Implementation of the paper All Labels Are Not Created Equal: Enhancing Semi-supervision via Label Grouping and Co-training

Related tags

Deep Learningsemco
Overview

SemCo

The official pytorch implementation of the paper All Labels Are Not Created Equal: Enhancing Semi-supervision via Label Grouping and Co-training (appearing in CVPR2021)

SemCo Conceptual Diagram

Install Dependencies

  • Create a new environment and install dependencies using pip install -r requirements.txt
  • Install apex to enable automatic mixed precision training (AMP).
git clone https://github.com/NVIDIA/apex
cd apex
python setup.py install --cpp_ext --cuda_ext

Note: Installing apex is optional, if you don't want to implement amp, you can simply pass --no_amp command line argument to the launcher.

Dataset

We use a standard directory structure for all our datasets to enable running the code on any dataset of choice without the need to edit the dataloaders. The datasets directory follow the below structure (only shown for cifar100 but is the same for all other datasets):

datasets
└───cifar100
   └───train
       │   <image1>
       │   <image2>
       │   ...
   └───test
       │   <image1-test>
       │   <image2-test>
       │   ...
   └───labels
       │   labels_train.feather
       │   labels_test.feather

An example of the above directory structure for cifar100 can be found here.

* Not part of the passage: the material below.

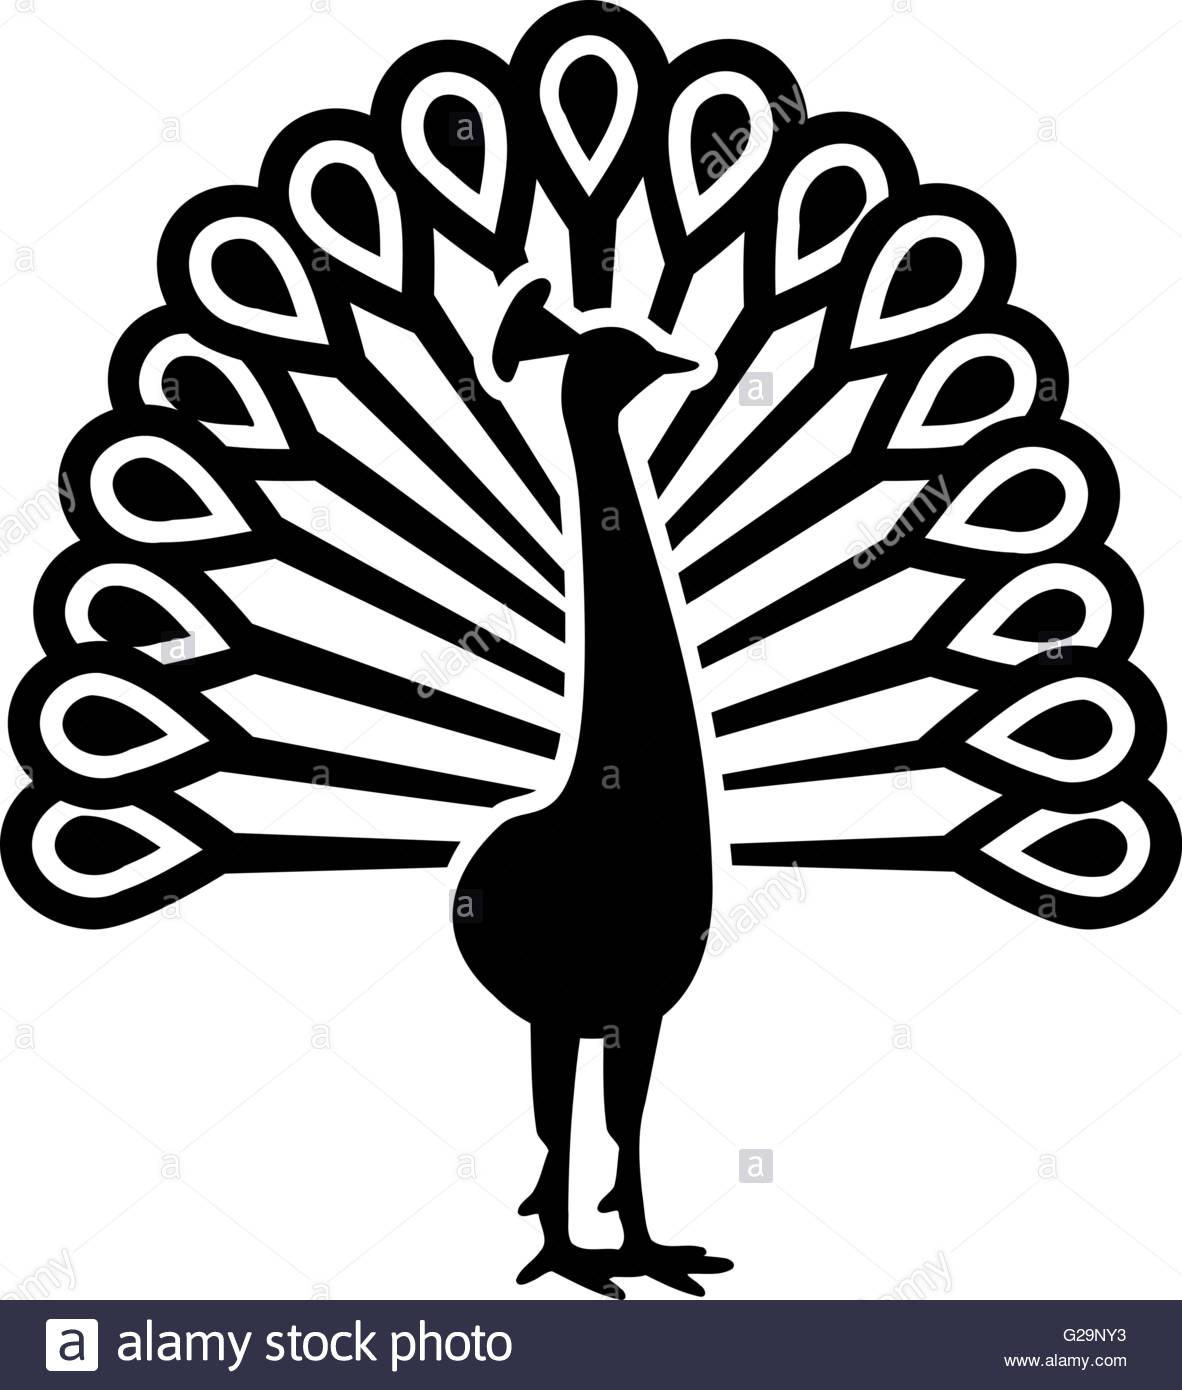 1182x1390 Beautiful Peacock Symbol Stock Vector Art Amp Illustration, Vector

To preprocess a generic dataset into the above format, you can refer to utils/utils.py for several examples.

To configure the datasets directory path, you can either set the environment variable SEMCO_DATA_PATH or pass a command line argument --dataset-path to the launcher. (e.g. export SEMCO_DATA_PATH=/home/data). Note that this path references the parent datasets directory which contains the different sub directories for the individual datasets (e.g. cifar100, mini-imagenet, etc.)

Label Semantics Embeddings

SemCo expects a prior representation of all class labels via a semantic embedding for each class name. In our experiments, we use embeddings obtained from ConceptNet knowledge graph which contains a total of ~550K term embeddings. SemCo uses a matching criteria to find the best embedding for each of the class labels. Alternatively, you can use class attributes as the prior (like we did for CUB200 dataset), so you can build your own semantic dictionary.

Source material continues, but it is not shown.